Full Moon: Southern Lunar Hemisphere, Homebound; Photographed by Alfred Worden, Apollo 15, July 26-August 7, 1971 Digital c-print; 48"x 86" End Fragment Negative NASA; digital image © 1999 Michael Light

The struggle for NASA's moon photographs

51 years on from Apollo 11's moon landing, we look at how those now iconic photos of the moon reached their audience

For all but a select few of us, humankind’s trips into space have been experienced at one remove. So space exploration is, for almost all of us, a photographic experience as Mark Holborn suggests in his book Sun and Moon: A Story of Astronomy, Photography and Cartography.

The history of the Apollo missions, beginning with the doomed Apollo 1 in January 1967, in which the crew – including Edward White – died in a fire during a test, through to the triumph of the first Moon landing by Apollo 11, 51 years ago today (July 20), and culminating with the sixth and final Moon landing by Apollo 17 in December 1972, can be regarded as a "collective odyssey executed before the camera lens,” writes Holborn in Sun and Moon.

Yet, beyond a few familiar images, pictures taken through that camera lens weren’t largely shot for public consumption. As Holborn explains in his book, much of the planning and execution of the moon missions was carried out with the aid of advanced photography.

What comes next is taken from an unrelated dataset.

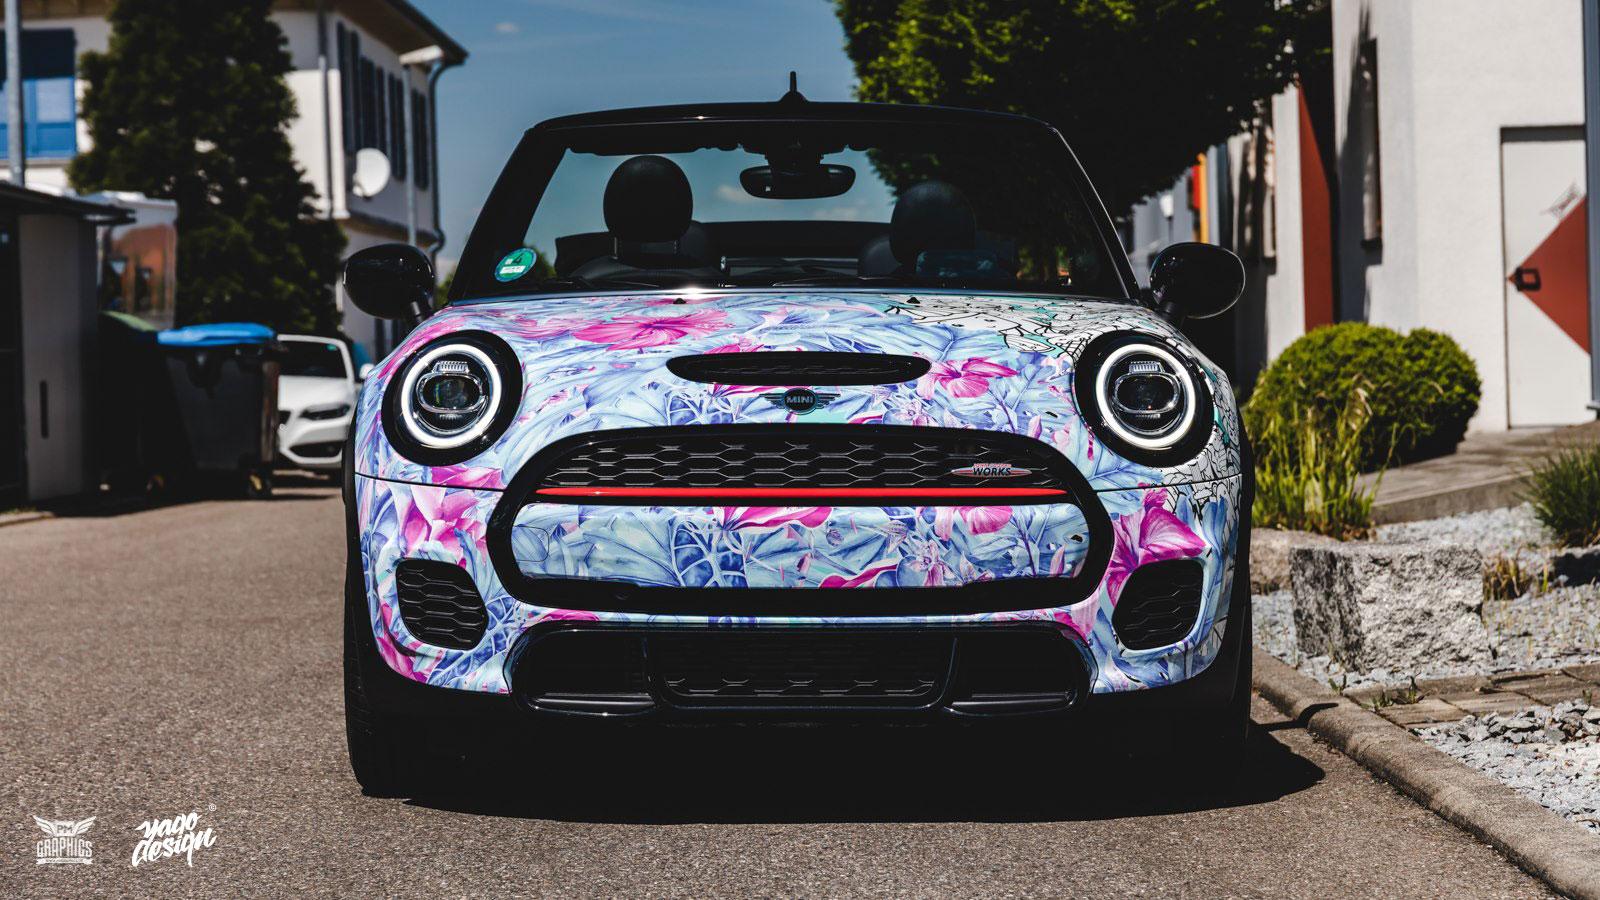 Mini-cooper-JCW-by-Yagodesign-by-Kamil-Lizak-Car-wrapping-Design-Studio-Automotive-Design-Studio-Kawai-7

“100,000 photographs were made in order to establish the best possible landing sites,” he writes. “The first lunar probe, Ranger 7, crashed into the lunar surface in 1964, but even as it was plunging it successfully sent back photographs. In 1966, probes were signalling back pictures of the Moon’s surface as if seen at astronaut height.”

“A methodical mapping of both sides of the Moon was carried out by lunar orbiters that carried automatic film processing and scanning equipment in order to radio-transmit the images back to Ground Control in Houston. The programme was managed by the Langley Research Center, with Boeing as its main contractor and the Radio Corporation of America and Eastman Kodak as subcontractors,” Holborn goes on to say. “Kodak produced special high-definition aerial film for the purpose, with which the photographic and cartographic survey was completed. By 1971, NASA had created the Lunar Orbiter Photographic Atlas of the Moon.”

 

James McDivitt, Edward White on the first American spacewalk, aboard Gemini 4, 3 June 1965, from Full Moon by Michael Light, 1999. Negative/transparency – NASA, digital image ©1999 Michael Light
James McDivitt, Edward White on the first American spacewalk, aboard Gemini 4, 3 June 1965, from Full Moon by Michael Light, 1999. Negative/transparency – NASA, digital image ©1999 Michael Light

While the world’s press reproduced a handful of other, now well-known images, other pictures from the moon missions remained filed away and inaccessible until the late 1990s, until the Californian artist Michael Light began petitioning for their release.

“Of the 32,000 photographs made during the entirety of the Apollo missions, Light persuaded NASA to release 900 of the ‘master’ negatives and transparencies,” Holborn writes. “The ‘masters’ were, in fact, first generation copies, since the actual originals were permanently archived. The so-called ‘masters’ were as close to the original as anyone could handle. Light began a methodical examination and scanning of the key pictures in California in the late 1990s, conducting this work on the cusp of the digital age with astonishing results. 

“Eventually, by stitching together frames, he was able to produce wall-size panoramic images of the lunar surface with unsurpassed clarity,” Holborn writes. “His goal, however, was not a series of spectacular moonscape prints, but the construction of a three-part narrative, drawn from pictures made throughout the entire program and including images of the space walk from Gemini 4.”

 

Sun and Moon
Sun and Moon

Light’s chief ambition wasn’t astronomical; he sought to present the images as part of a landscape tradition, and also perhaps remind us of our place in the wider universe. 

“He turned the focus, derived from hours of scrutiny of the tiniest detail of the lunar scene, to the Earth. The journey outside our realm, he emphasized, only led us back to regard with greater clarity the point from which we started. ‘The Apollo missions have annihilated the last shreds of expansionist mythology: the concept that Earth can continue to offer people and nations infinite resources, that progress implies a liberation from responsibility, or that we can truthfully call anywhere else home.’”

Those earthly limitations are all the more apparent now, 50 years on from that first moon landing, and two decades on from Light’s recovery of the images.